Я наблюдала развитие отношений Розовского с Товстоноговым, хотя и немного. Репетировала одну из девяти лошадок[cxiii]. Я мечтала все время слинять с этих лошадок, потому что дочка маленькая была и дома одна сидела. А мы все искали, искали чего-то на сцене. Полтора месяца лошадиный шаг репетировали. Как-то я все же подбила своих коллег-лошадок слинять с репетиции. Слиняли. Осталось шесть лошадок, но нас из зала тогда все равно не выпустили, а потом наказали — лошадок мы не играли, но все репетиции должны были сидеть в зале. Розовский много чего нашел и напридумывал.
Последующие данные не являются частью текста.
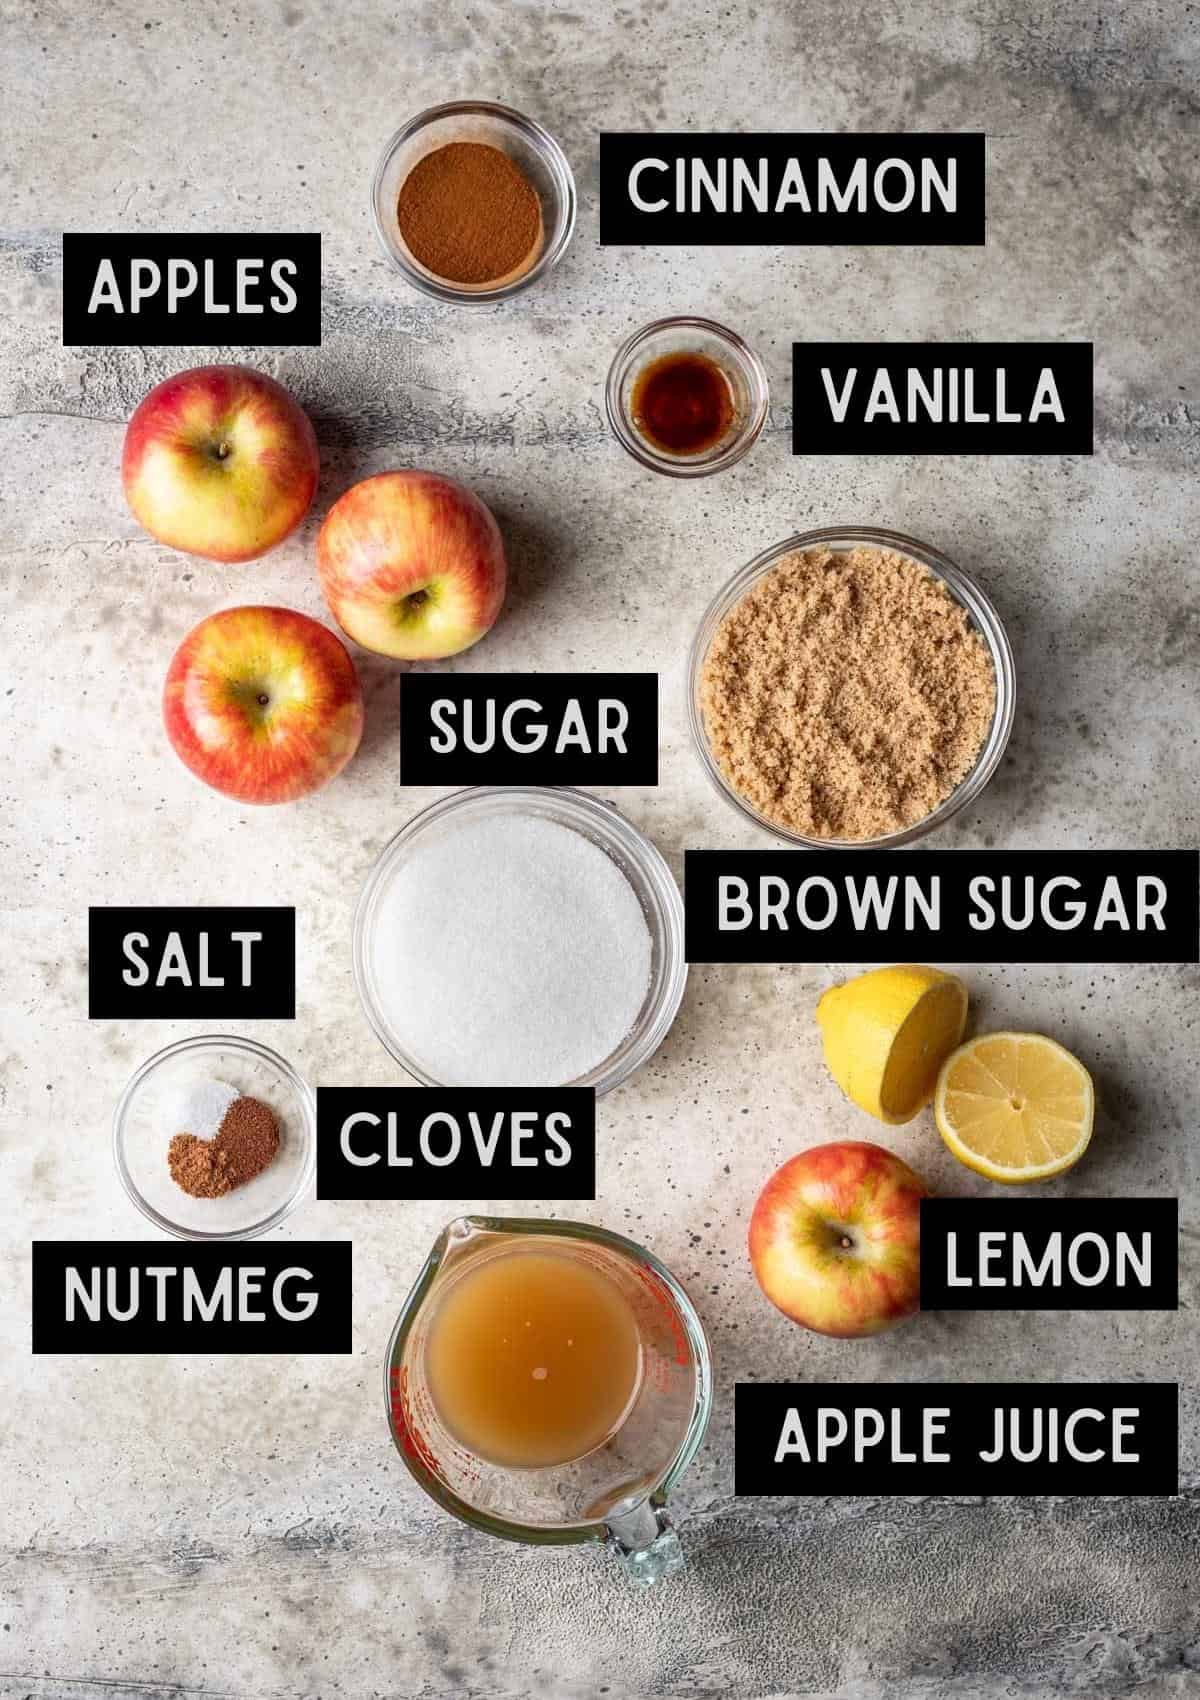 Labelled ingredients for instant pot apple butter (see recipe for details).

Но перешли ко второй части, и у Розовского случился затор. Не так много он тогда работал в профессиональном театре. Евгений Алексеевич с Гогой чувствовали друг друга. А тут Лебедев ходит-ходит по сцене, как школьник, и режиссер ничего не может ему подсказать. И однажды Евгений Алексеевич взвился. Посреди репетиции остановился и как бросит: «Все! Хватит! Не можете объяснить, что тут делать, — попросите Георгия Александровича. Что я хожу туда-сюда? Баррдак!!» Схватил пиджак и ушел из зала. Так было — и все были на стороне Евгения Алексеевича. Тут сыграло свою роль и самолюбие. Многие артистические судьбы в нашем театре попортило тщеславие, самолюбие. Те, кто уходил потом, ревниво относились к славе и успеху театра. Оттого-то и нет таких коллективов. Лебедеву его самолюбие помогло, а Марку его самолюбие напортило. Позвали Гогу. Пришел: «Что у вас не получается? Показывайте». Товстоногов сразу увидел, что в спектакле не так. Он был скульптор. Другой режиссер намельчит-намельчит, {281} а он — раз, раз и отсечет все лишнее. Работал крупно. Товстоногов предлагал Розовскому самому все исправить: «Вы режиссер, вы же ставите». Но Розовский не сумел — то ли временный был задвиг, но, я думаю, в другом было дело. Материал требовал широкого мазка, большого плана. У Марка еще не было такого опыта. Он мог отдельные ходы найти, а вот собрать все вместе — тогда его на это не хватало. Когда Гога подключился, он все сделал очень быстро. Получалось так здорово, идея так разрасталась, что решили перенести спектакль на большую сцену. Это был потрясающий спектакль. Как все играли — Басик, Миша Волков, Валюша Ковель, Миша Данилов, все! С истинным блеском. А для Евгения Алексеевича Холстомер — это даже не роль была, а нечто большее. «Холстомер» — спектакль не Марка, он не в его палитре. Тут встретились разные театры, разные эстетики.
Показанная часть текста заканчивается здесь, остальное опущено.